The problem:
Give back the full listing verbatim, apart from its images.

Stored data:
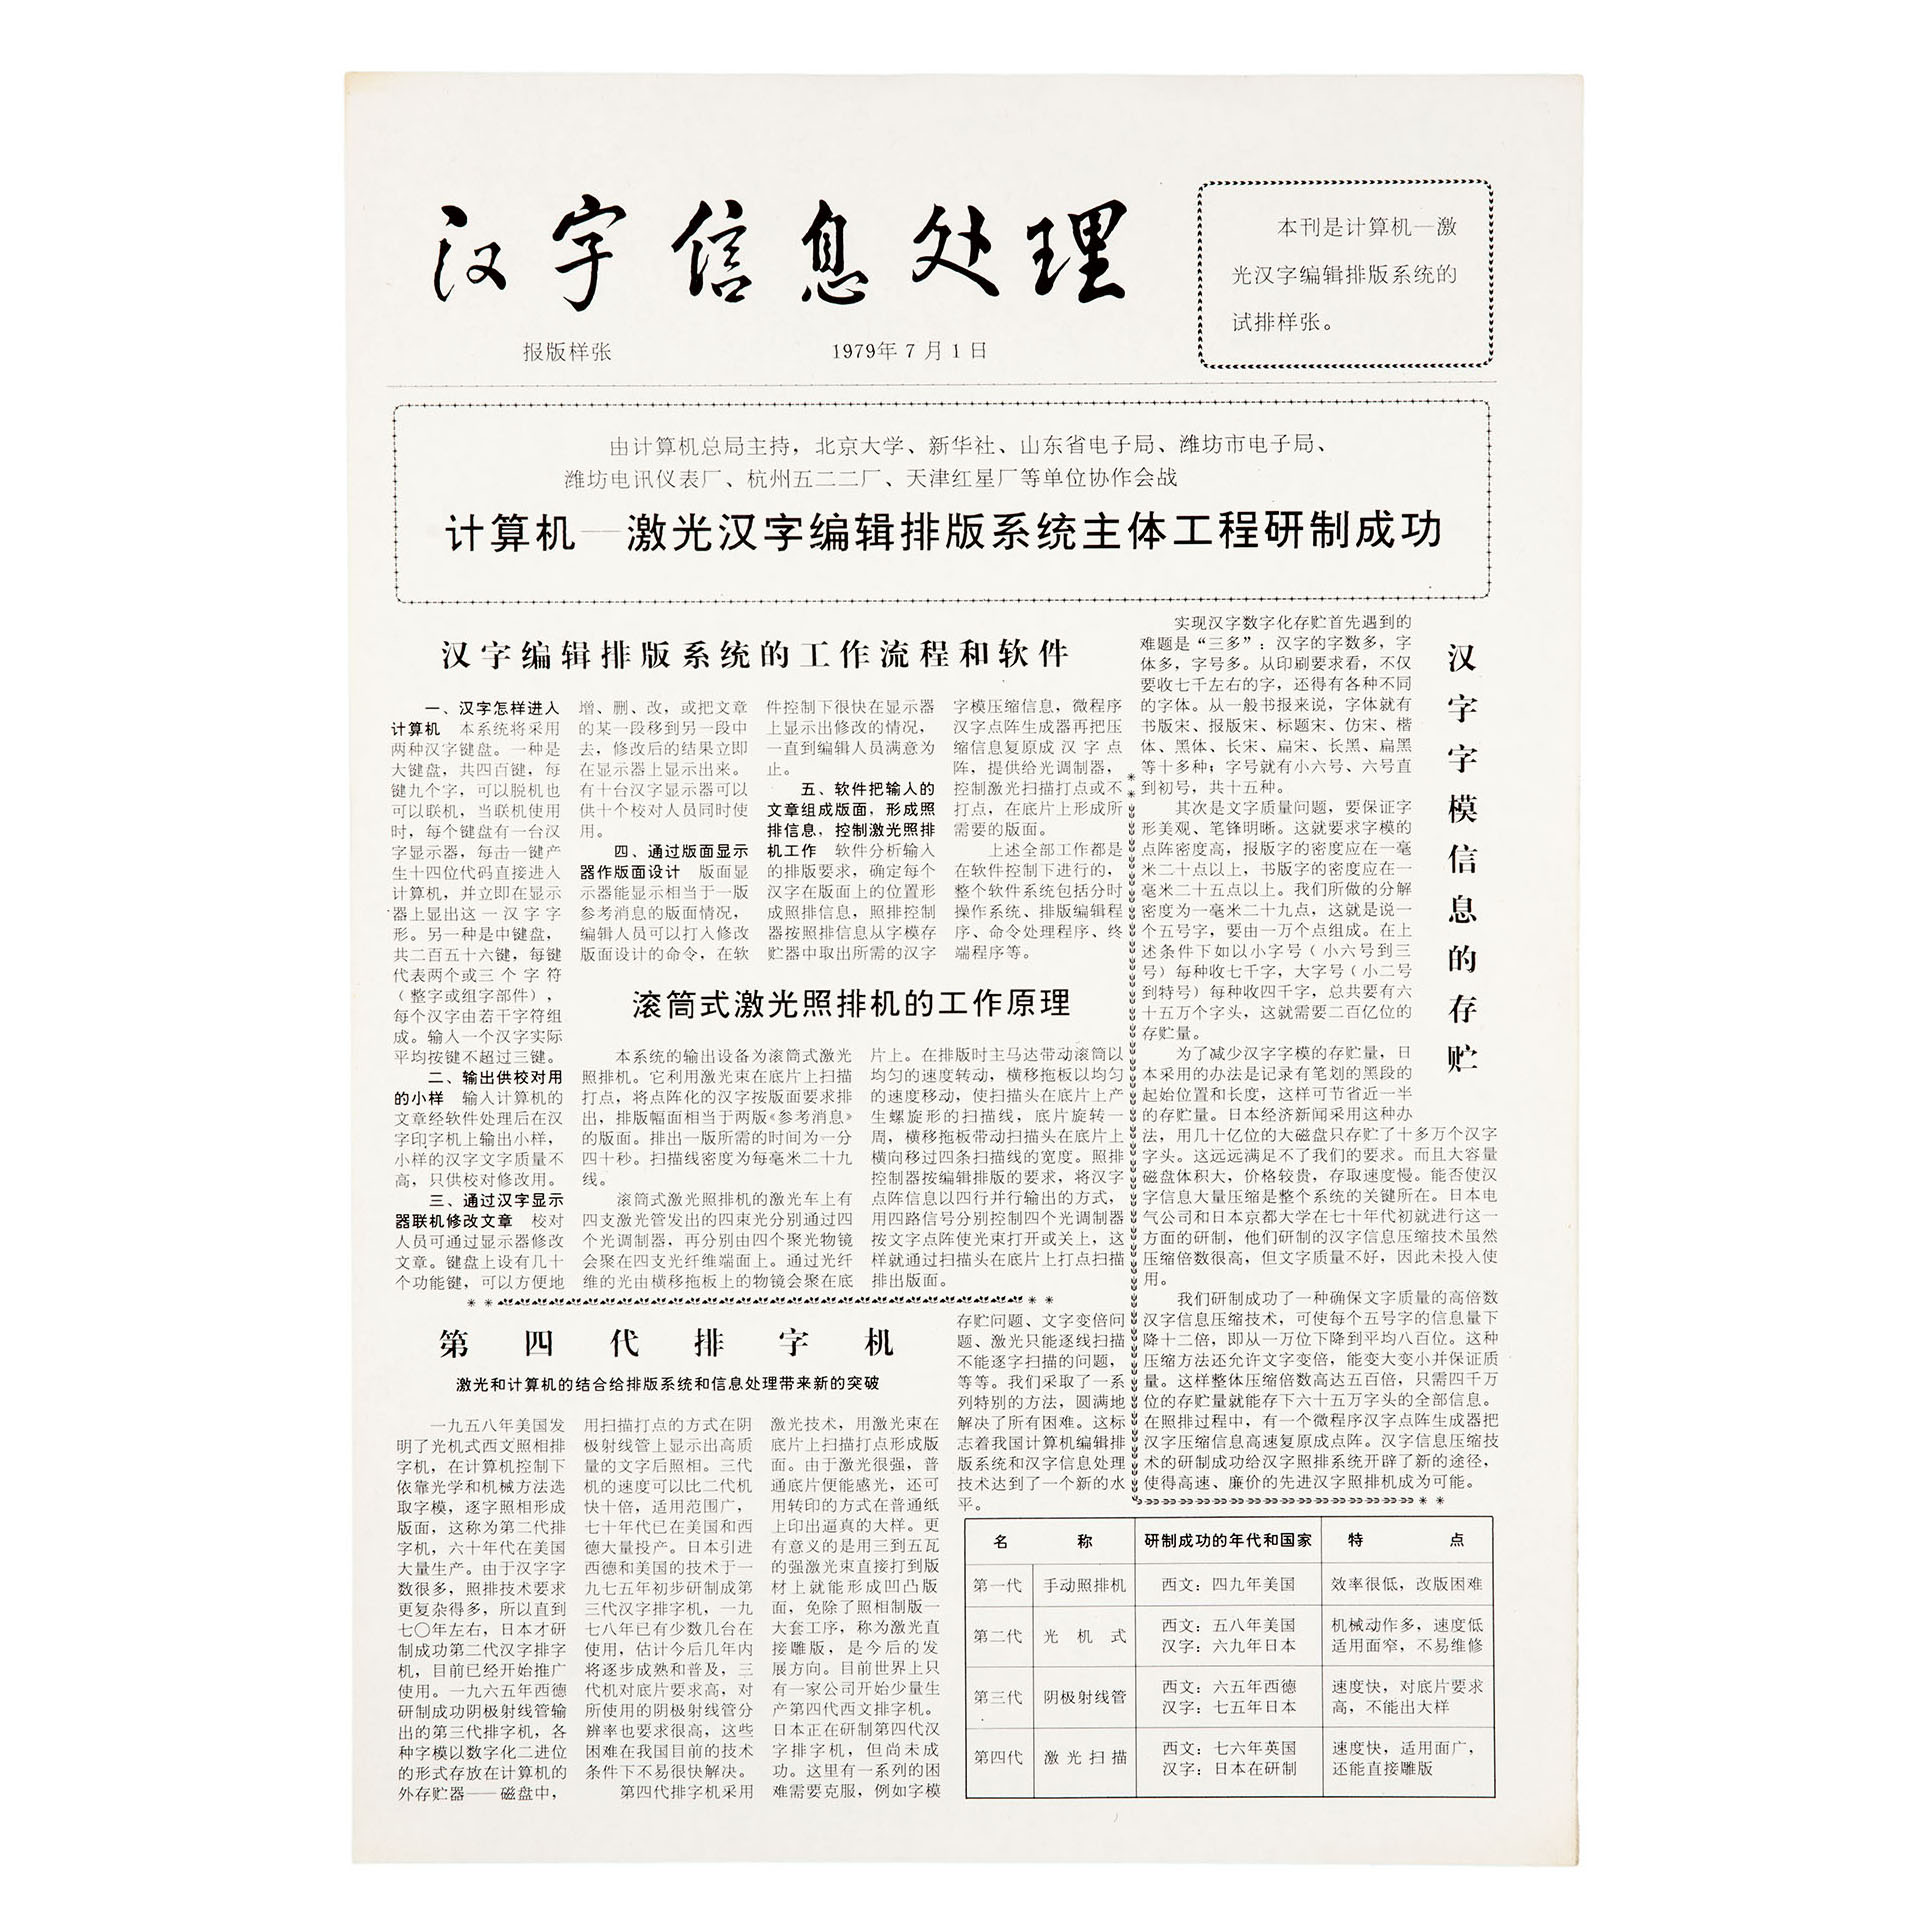 汉字激光照排系统原理性样机输出的第一张《汉字信息处理》报版样张
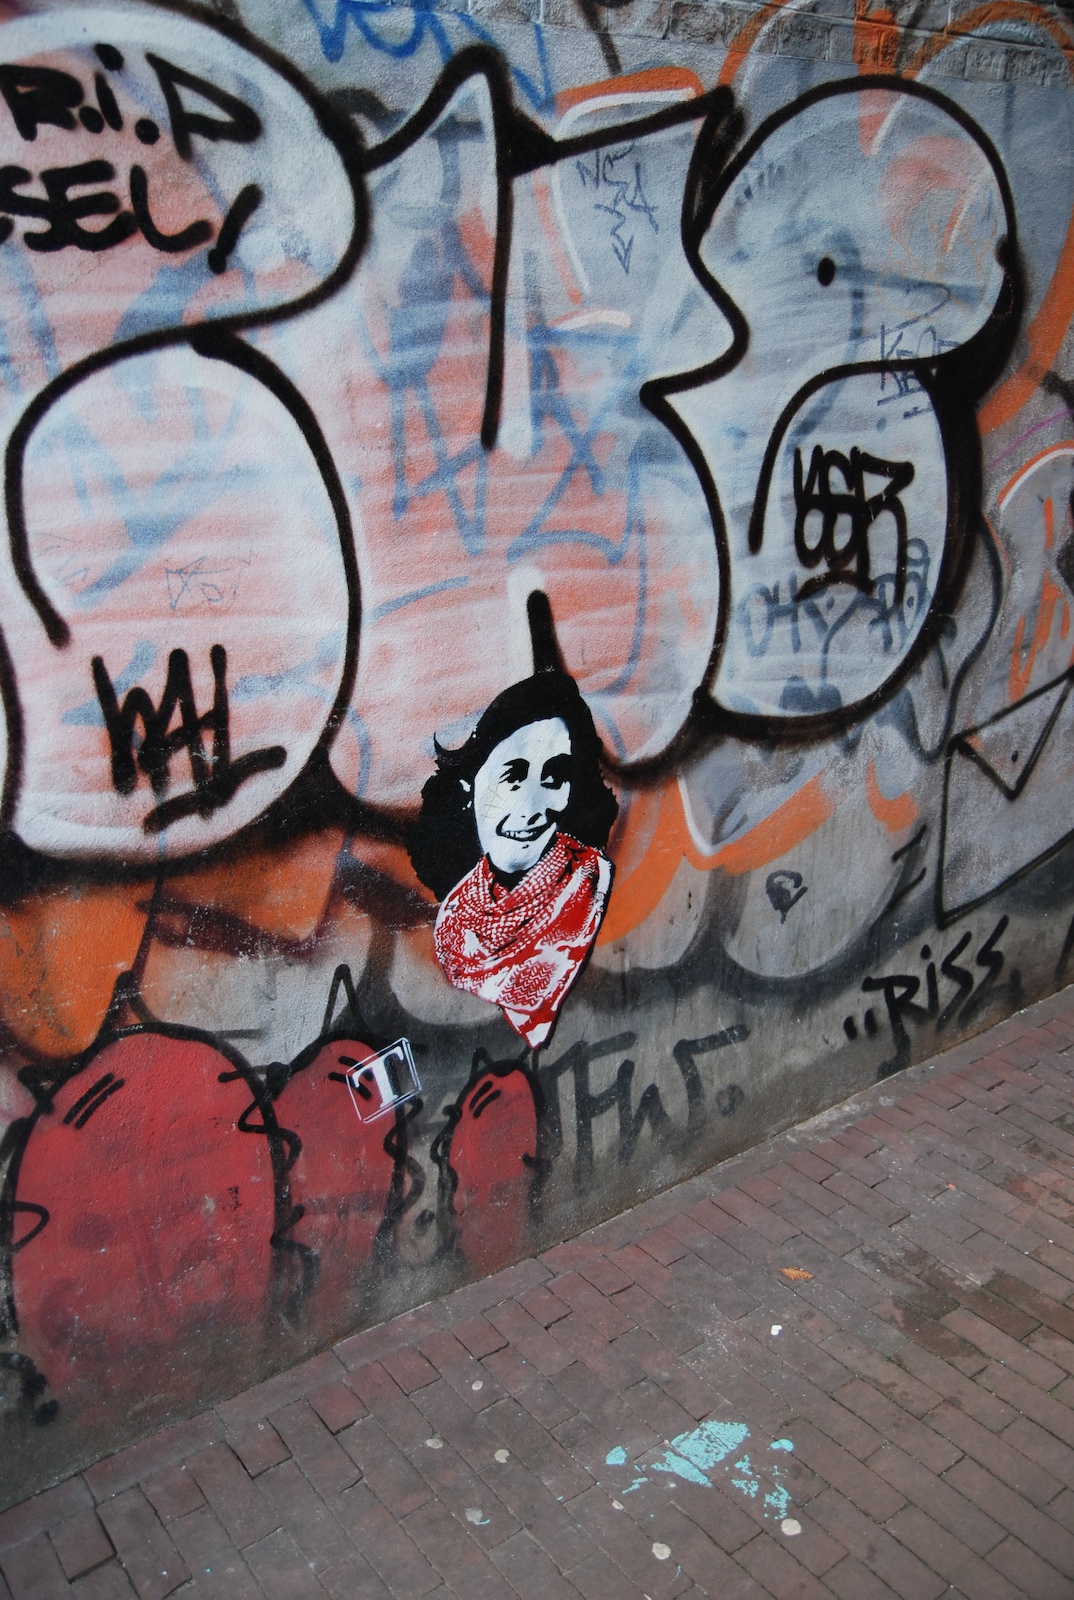 Anne Frank | Amsterdam stencil. | By: donnamarijne | Flickr - Photo ...
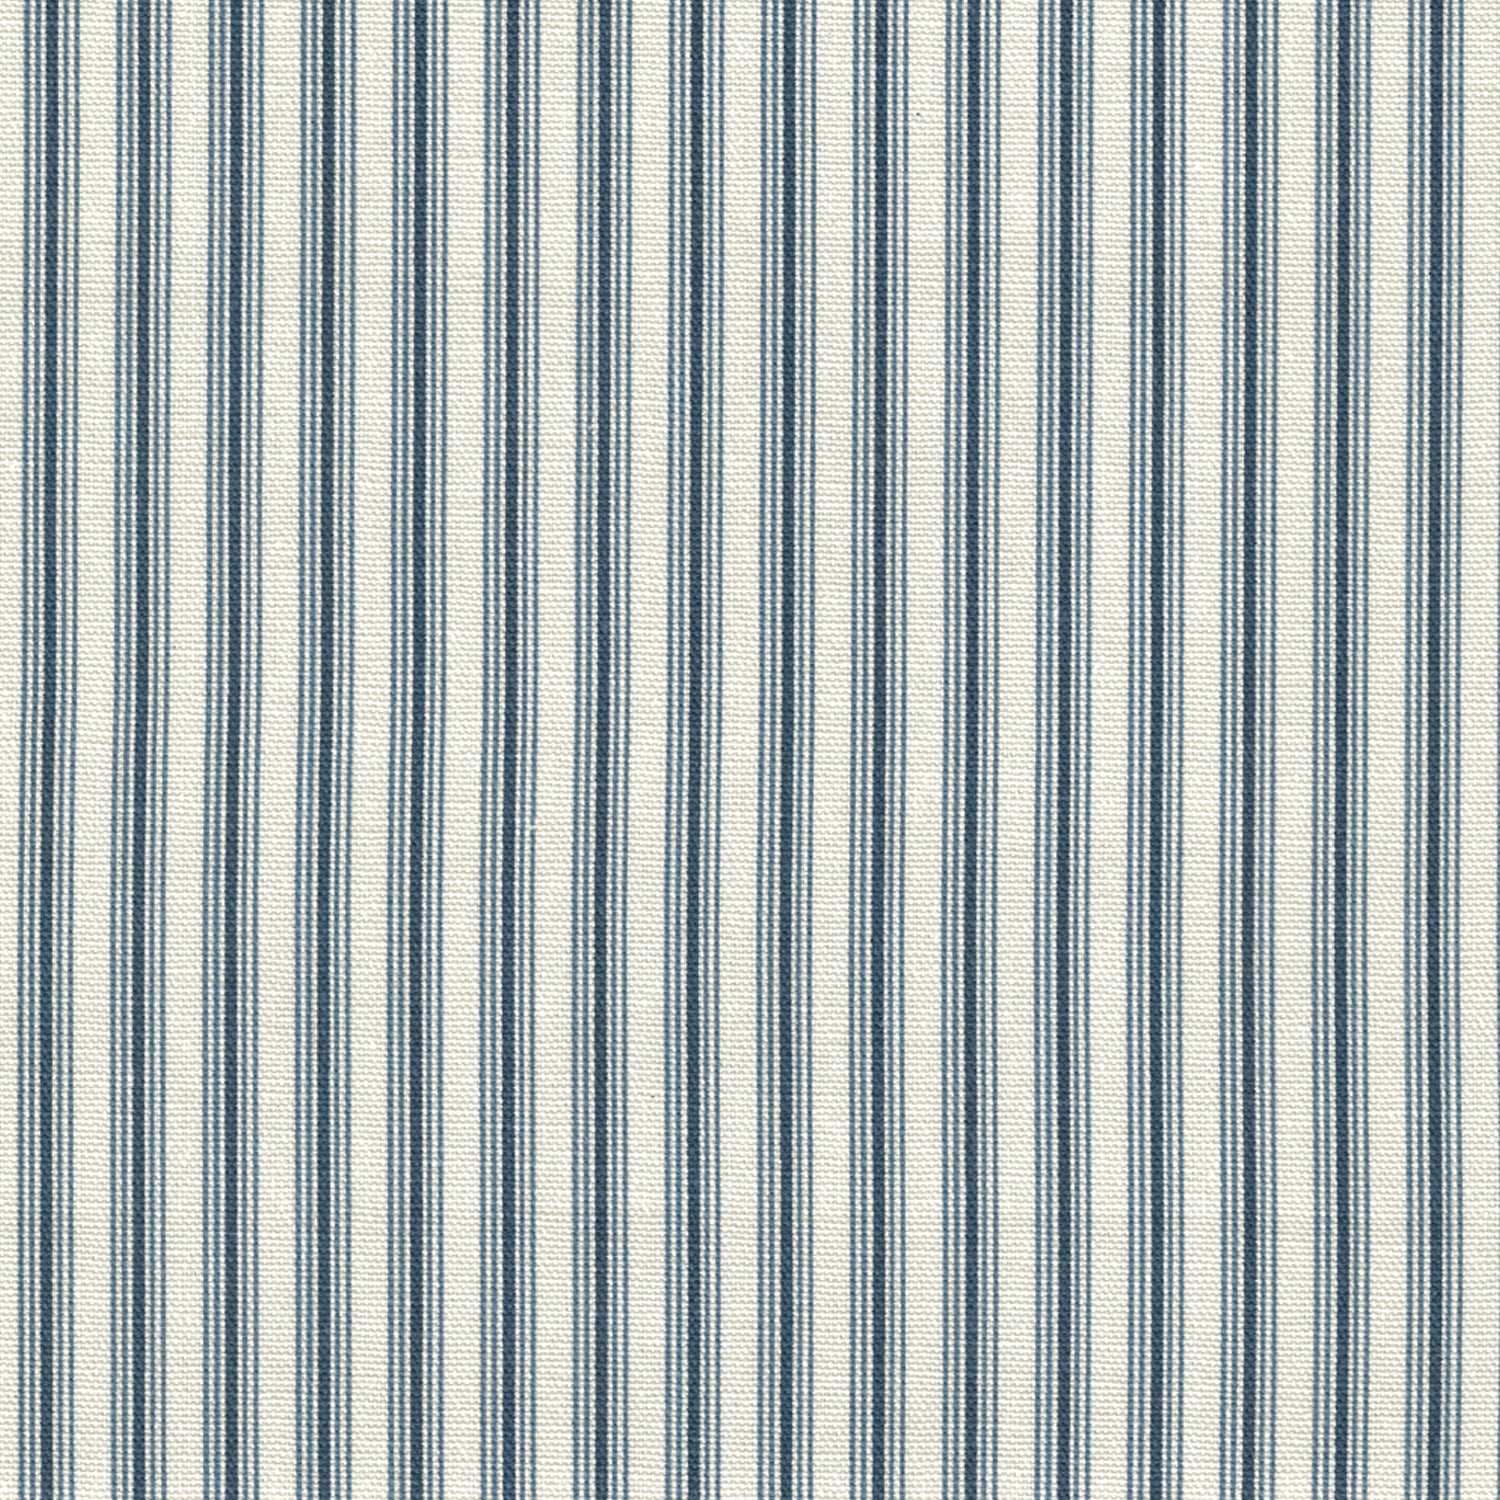 pillow sham in cottage navy blue stripe

Response to the task:
 汉字激光照排系统原理性样机输出的第一张《汉字信息处理》报版样张
 Anne Frank | Amsterdam stencil. | By: donnamarijne | Flickr - Photo ...
 pillow sham in cottage navy blue stripe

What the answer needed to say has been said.